# EXERCISE DETAILS
Everything from the line that contains "Zertifiziert nach ISO 9001:2015" through the last line below should be transcribed exactly, except the pictures.

# RECORDED DATA

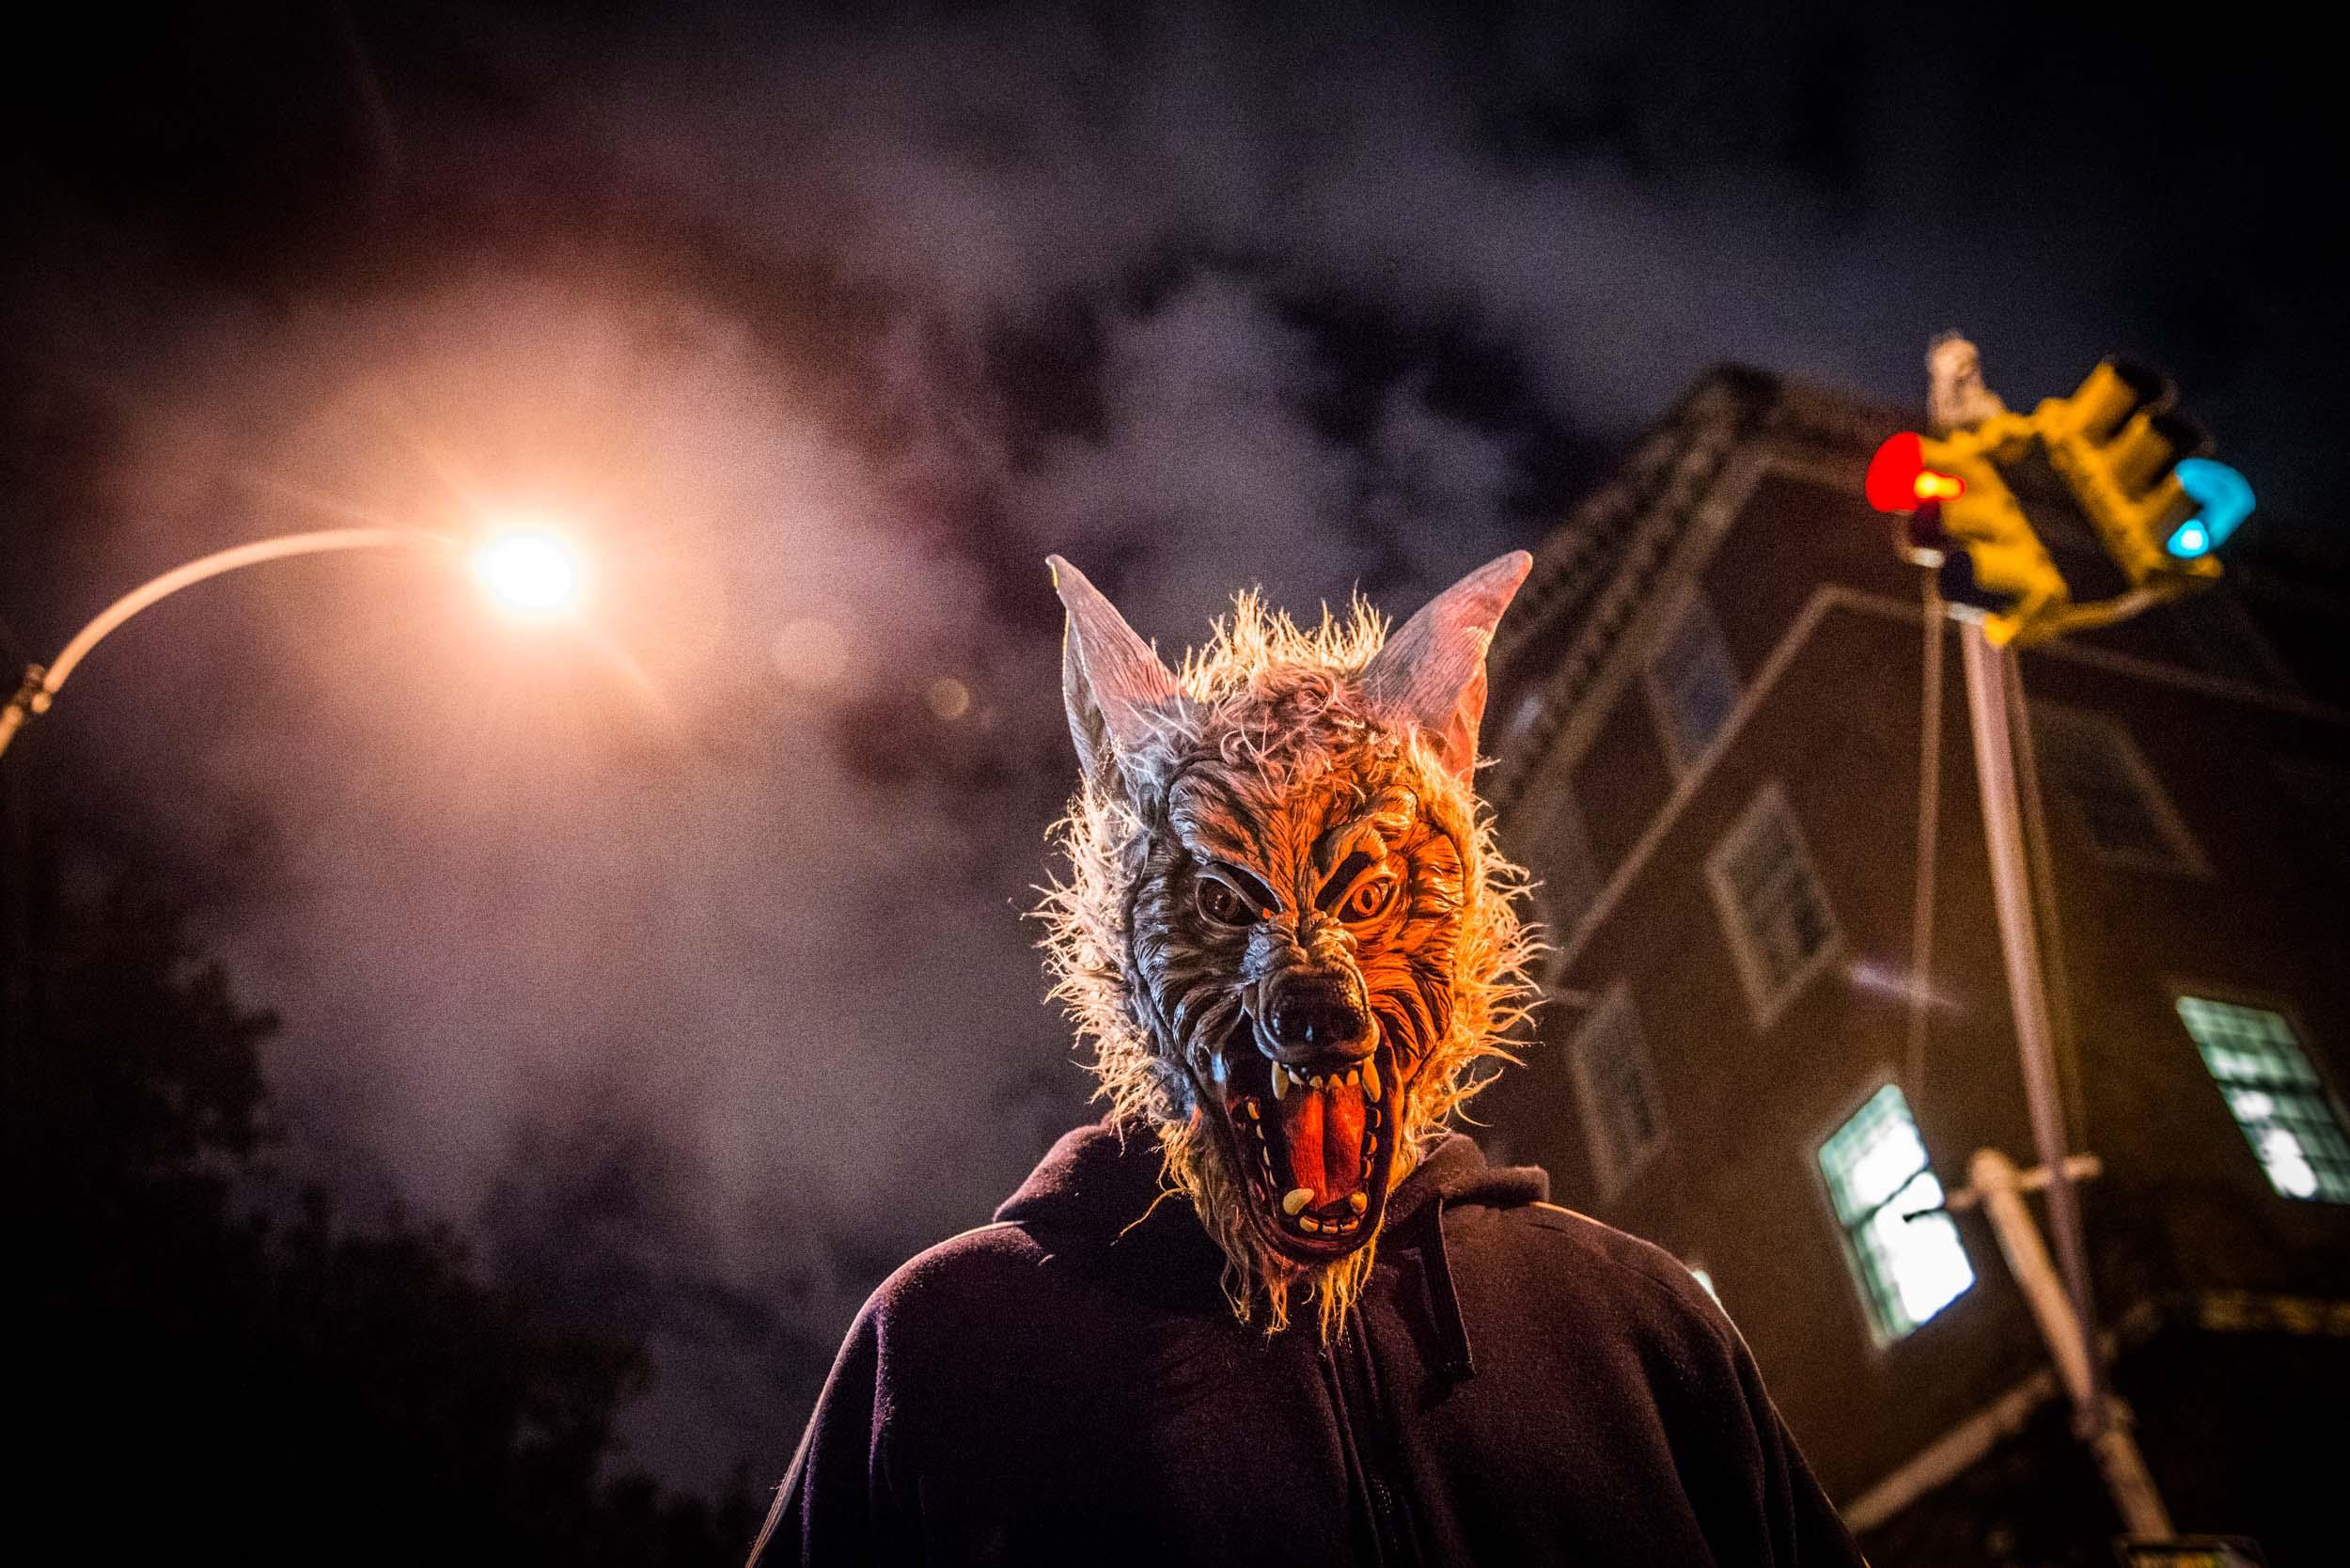 Warewold halloween - Current events - Photo credit Nicola Bailey.jpg
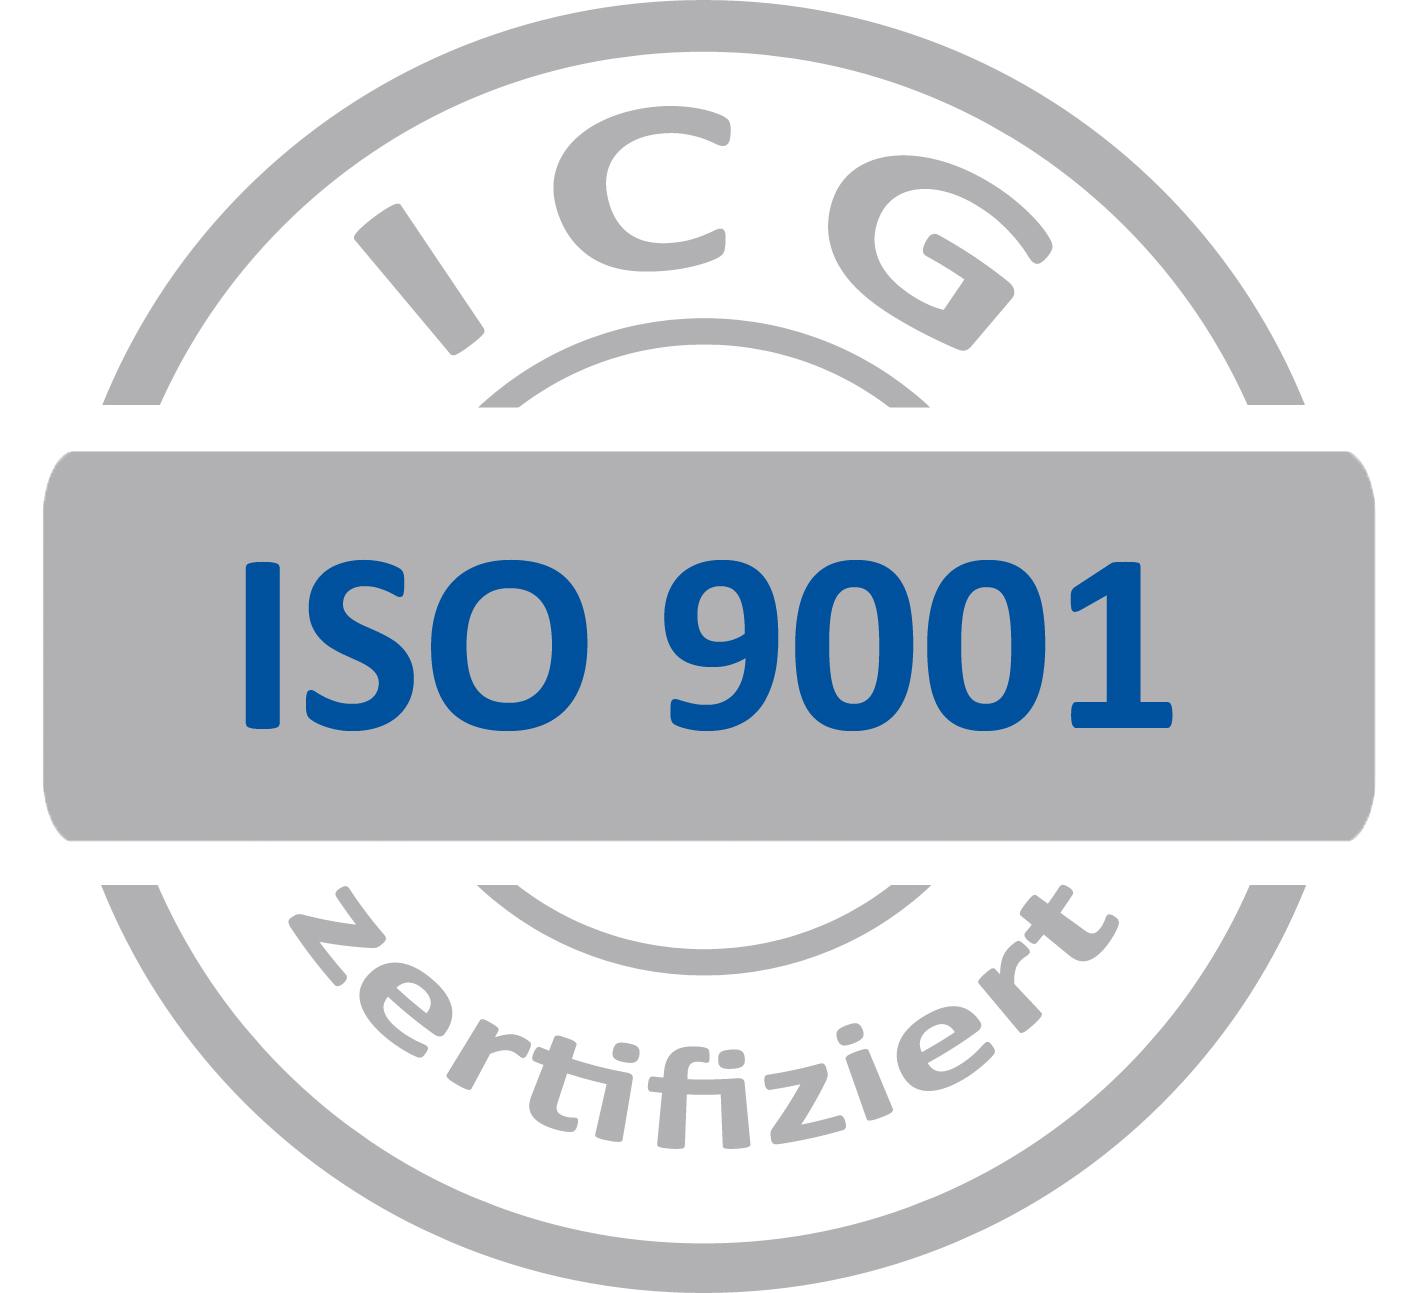 Zertifiziert nach ISO 9001:2015
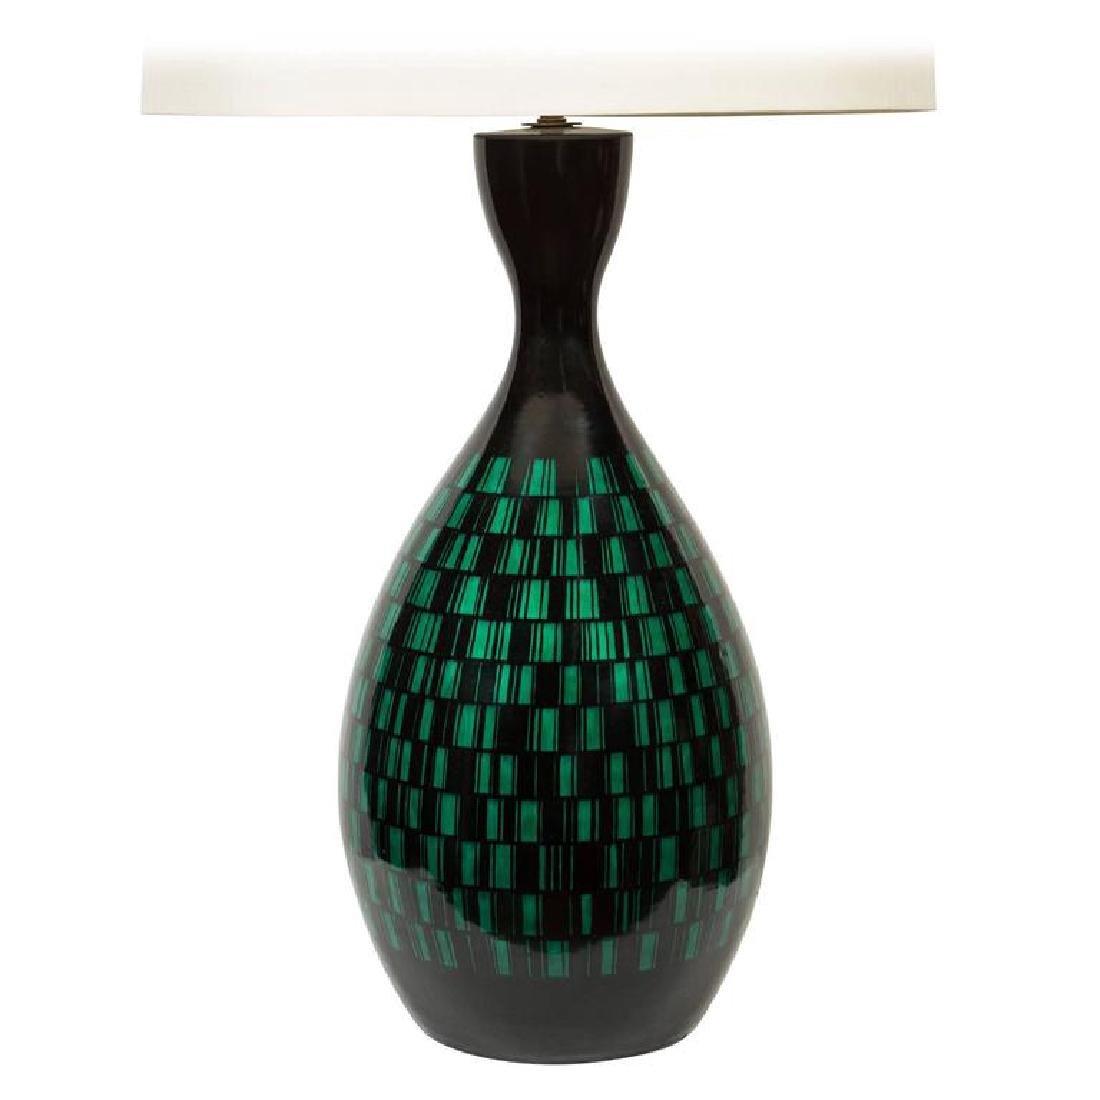 Ettorre Sottsass Table Lamp

# SOLUTION FOR THIS TASK
 Zertifiziert nach ISO 9001:2015
 Ettorre Sottsass Table Lamp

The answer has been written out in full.